Ведь и Игнатьев тоже не в нирване находится, а, наоборот, несмотря на чудесную расслабленность, смутно жаждет. Не то возвращения в детство ищет его душа, не то сопереживания в желто-зеленых глазах. Да и глаза-то неясно чьи: то ли соседской жены, то ли вовсе незнакомой курящей дамочки... В общем, страждет душа, хотя страдания эти почему-то не мешают Игнатьеву наслаждаться вечерней природой. Как говорится, печаль моя светла.
Иное дело сосед его снизу. Вот, казалось бы, чего не хватает человеку? Поступил, как мы докладывали давеча читателю, в институт хороших отношений, закончил полный курс этого института, в аспирантуре обучился, диссертацию защитил, поездил туда-сюда, получил должность достойную и квартиру под Игнатьевым, жену – союзницу всех начинаний, привез в квартиру разные бытовые предметы, научился к темно-синему пиджаку носить только светло-серые брюки и вишневый галстук, купил музыкальный центр высокого качества воспроизведения звука... А терзается человек, горячей слюной наполняется рот, и не идет сон. Неподходящий вроде бы поздний вечерний час, но просит мятущийся дух красоты, и Пирогов ставит на мягко вращающийся диск пластинку. Может, рассеются видения двухэтажного пэрадайза, уйдет горечь...
На пластинке написано название произведения, автор и исполнители. Пирогов эту надпись отлично понимает, поскольку у него как раз немецкий язык был основной. Фамилия автора знакомая, у Пушкина еще о нем написано, Виталий Николаевич хорошо помнит, отравил его приятель, этого автора. Пирогов автору сочувствует, поскольку по своей работе хорошо знает, каково таких друзей иметь. Имя дирижера напоминает имя одного знакомого товарища. Дирижер, небось, тоже с Кавказа откуда-нибудь, только вот «фон» при чем?.. Название же произведения Пирогову кажется странным. Кляйне... все ясно. Нахт... Так, понятно. А вот все вместе никак не сочетается. Что значит – маленькая ночная музыка? Как это – маленькая музыка?.. Но пластинка записана на хорошей фирме, значит, стоящая вещь. И Пирогов опускает тонарм.

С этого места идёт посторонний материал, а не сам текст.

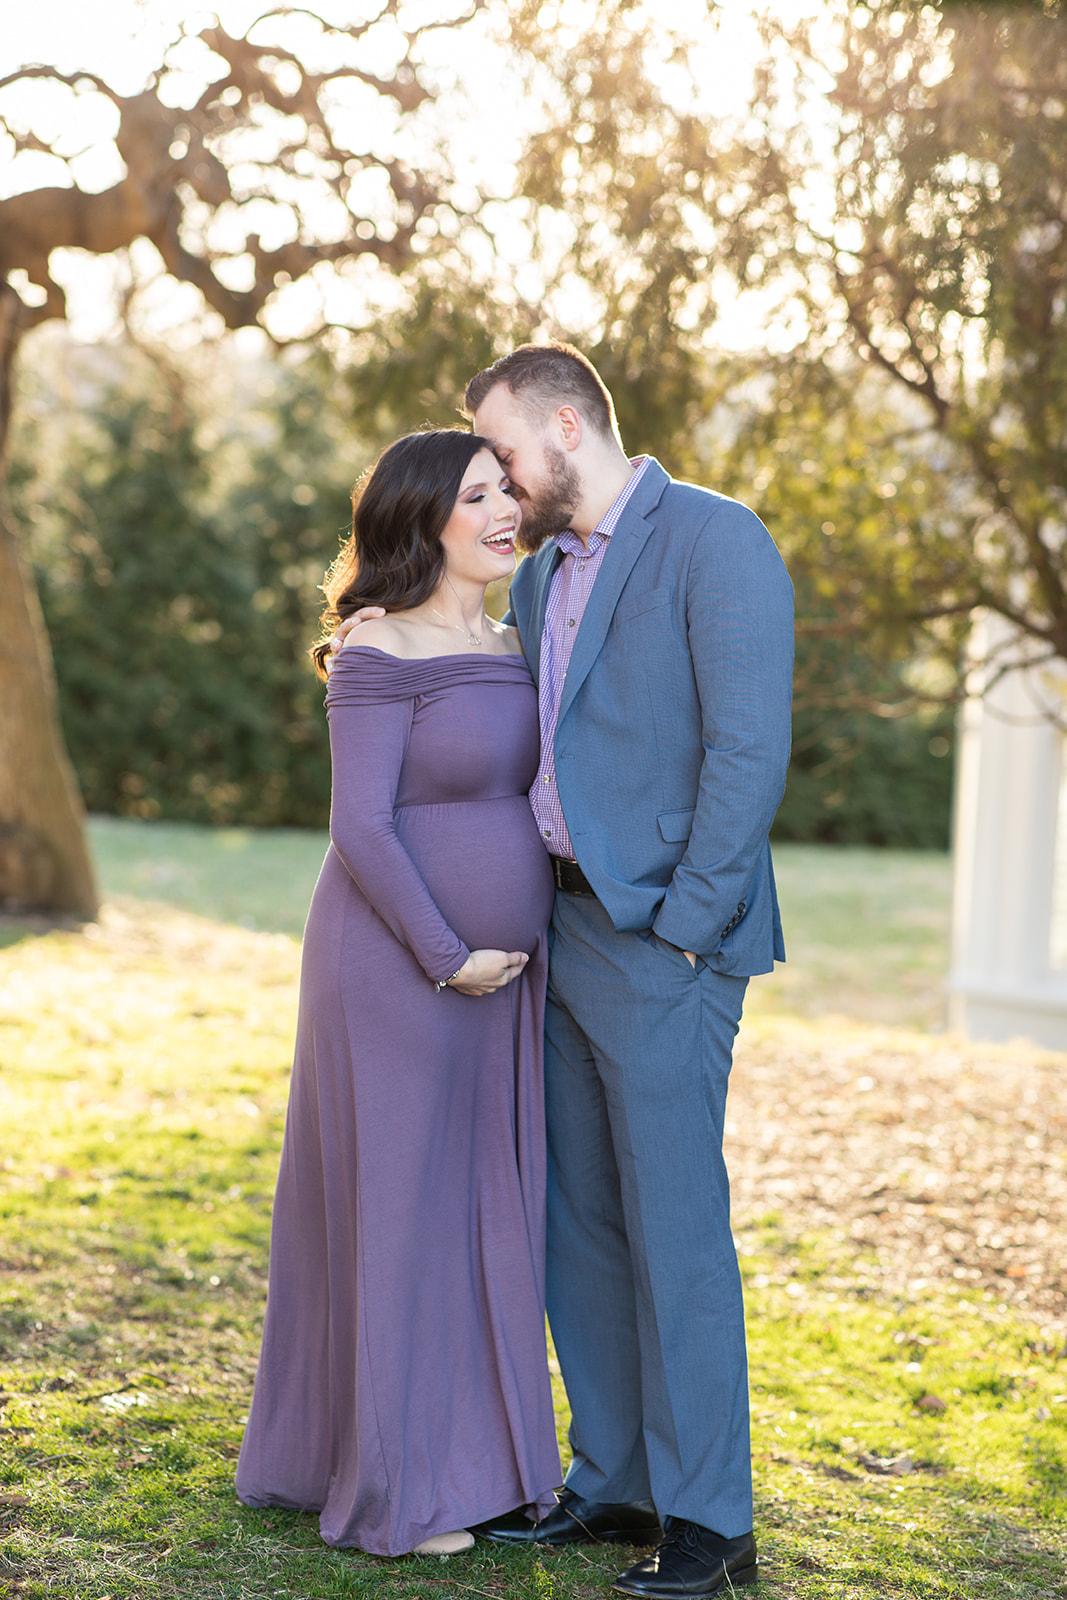 Katie & Ben Maternity

На верхнем балконе Игнатьев слушает музыку, и кажется ему, что все дальше летит его балкон, улетает из семнадцатого микрорайона неведомо куда, и вспоминает Игнатьев еще и еще раз тот старый двор в центре и себя в черных сатиновых трусах, белой тенниске из вискозы, в тапочках со шнурками, обернутыми вокруг щиколоток, и в тюбетейке, вспоминает мать в креп-жоржетовом платье и отца в костюме из трико «ударник», и вспоминает почему-то стихи, которые читал, наверное, тогда же: «По небу полуночи...» А дальше не помнит точно. Дальше почему-то вспоминается засорившийся карбюратор косилки. И Игнатьев снова закуривает погасшую сигарету «Ява» и удивляется, что яванская ведь сигарета, а сырая. «Откуда сырость?» – думает Игнатьев, чувствуя, как капли удивительной этой влаги текут по щекам. Желто-зеленые глаза появляются вдруг перед ним во тьме, а может, это просто цветные круги плавают – так бывает, когда плачешь в темноте... Он вытирает щеки и, слушая музыку, доносящуюся снизу, думает: «Ну я даю...»

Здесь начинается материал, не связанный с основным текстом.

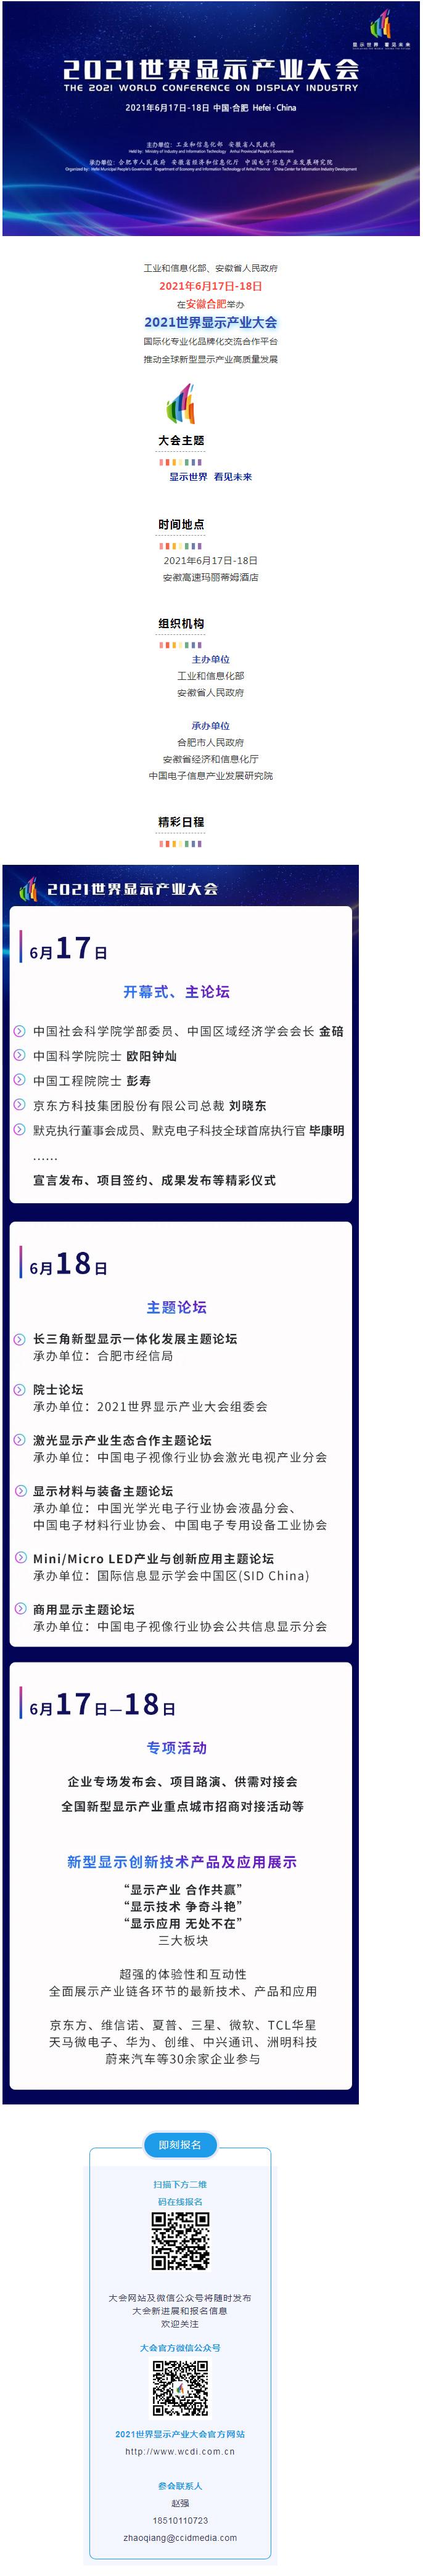 官宣:2021世界显示产业大会将于6月17-18日在合肥举办.jpg

Пирогов же поднимает с помощью микролифта тонарм и снимает пластинку. Скучная оказалась, хоть и фирма.
Будем ли мы удивляться, что, слушая одно, слышат разное наши соседи? Не будем, наверное. Они ведь и думают о разном, и, оказавшись в одних и тех же по случаю краях, видят и запоминают разное. У них только и есть общего – межэтажное перекрытие: как уже было сказано, потолок Пирогова для Игнатьева пол. Вот и все. Все ясно.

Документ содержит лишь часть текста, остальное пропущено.